We would all be better off if the SEO-optimized site, and sites like it, dropped off the internet entirely. They’re full of distracting information, and calling any of the material relevant is being generous. Much of the text on these kinds of pages is similar to the overconfident person answering questions on Stack Overflow, or ChatGPT spitting something out because it’s seen these words in its training data.

This brings up one more point about the color coding of the ChatGPT page. It comes across as very clean and non-distracting in this brief analysis, about a simple question with a relatively clear, correct answer. The coding of ChatGPT pages would be different for questions that have less clear answers and more possible solutions. But it will also change as ChatGPT becomes commoditized. Some people and companies will add more neutral elements around an “AI” chat assistant, and others will throw ads all over the screen. Ads could be inserted between paragraphs. And, much more disturbingly, ads could be inserted into the actual text of the responses. That would certainly be interesting to code in this way.

Conclusions

The one clear conclusion is that we still need to visit a variety of sources when we have questions, and validate much of what we find. Whether we prefer sites like Stack Overflow or known, trusted blogs, or ChatGPT and its peers, we have to evaluate whether we’re seeing correct information, or incorrect information stated confidently.

Some of the benefit of the initial offering of ChatGPT is simply the removal of a whole lot of clutter compared to what we’re used to seeing. If the cleanliness of that presentation influences other sites to reduce SEO blather and overuse of ads, that would be a nice side effect of having to deal with overconfident “AI” assistants.

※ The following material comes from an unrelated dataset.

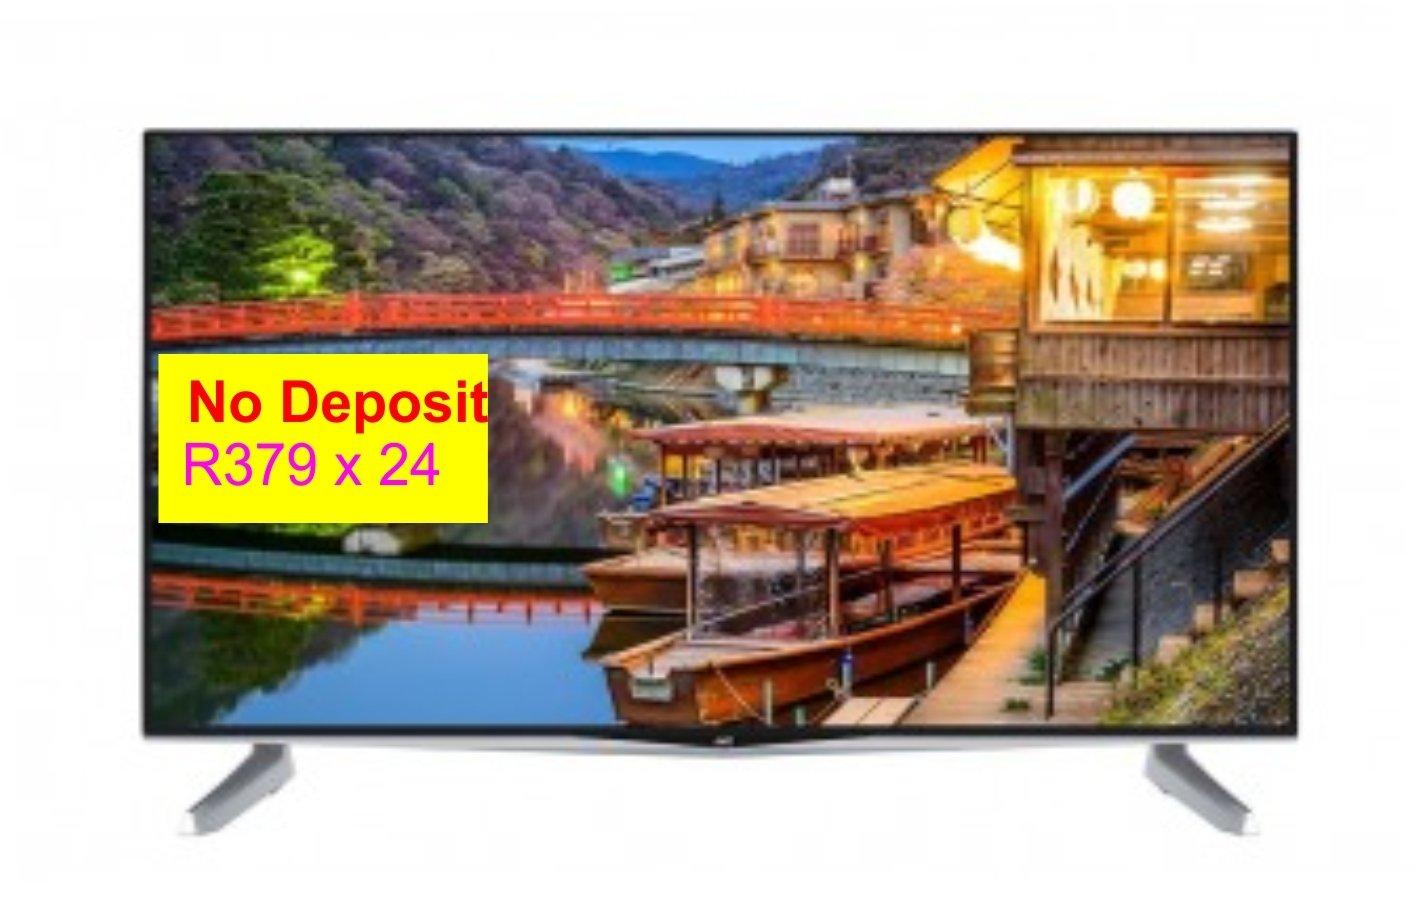 """R5999 vat incl Telefunken TLEDD-50FH 50"""" Full HD LED TV"""

ChatGPT and its peers are not going away. They’re a tool to be aware of, both for their strengths and their limitations. It will be interesting to watch how this tooling evolves, and how it impacts our workflows.

Has ChatGPT, or similar virtual assistants, changed the way you work as a programmer? If so, please share how your workflow is evolving.


Resources

You can find the code files from this post in the mostly_python GitHub repository.


  1. I was trying to parse the output from an online editor and generate a formatted email. I knew you could round individual corners of a box using CSS, but I didn’t know if the correct syntax was box-radius-top-left, box-radius-top, box-top-radius, or something else. My search was css round top corners only.

  2. I can’t help but put “AI” in quotes every time I use the term. Calling these tools artificially intelligent is more hype than an accurate description of their capabilities. Some of what comes out of them is interesting and impressive, but I’m not at all comfortable calling it “AI” without feeling like I’m contributing to a giant marketing campaign.

  3. I was a high school math and science teacher in the 2000s, and we taught all of our students how to develop effective search phrases back then. Students wanted to enter full questions, such as How do I get the index value for each item when using a for loop with a Python list? We had to tell them that kind of phrasing would just confuse the search engine. It’s kind of funny to look back and see how effective search engines have become, regardless of how much websites have degraded over this time.

  4. enumerate() can take in any sequence or iterable object. See the official documentation for a concise overview of what it can accept, and what it returns.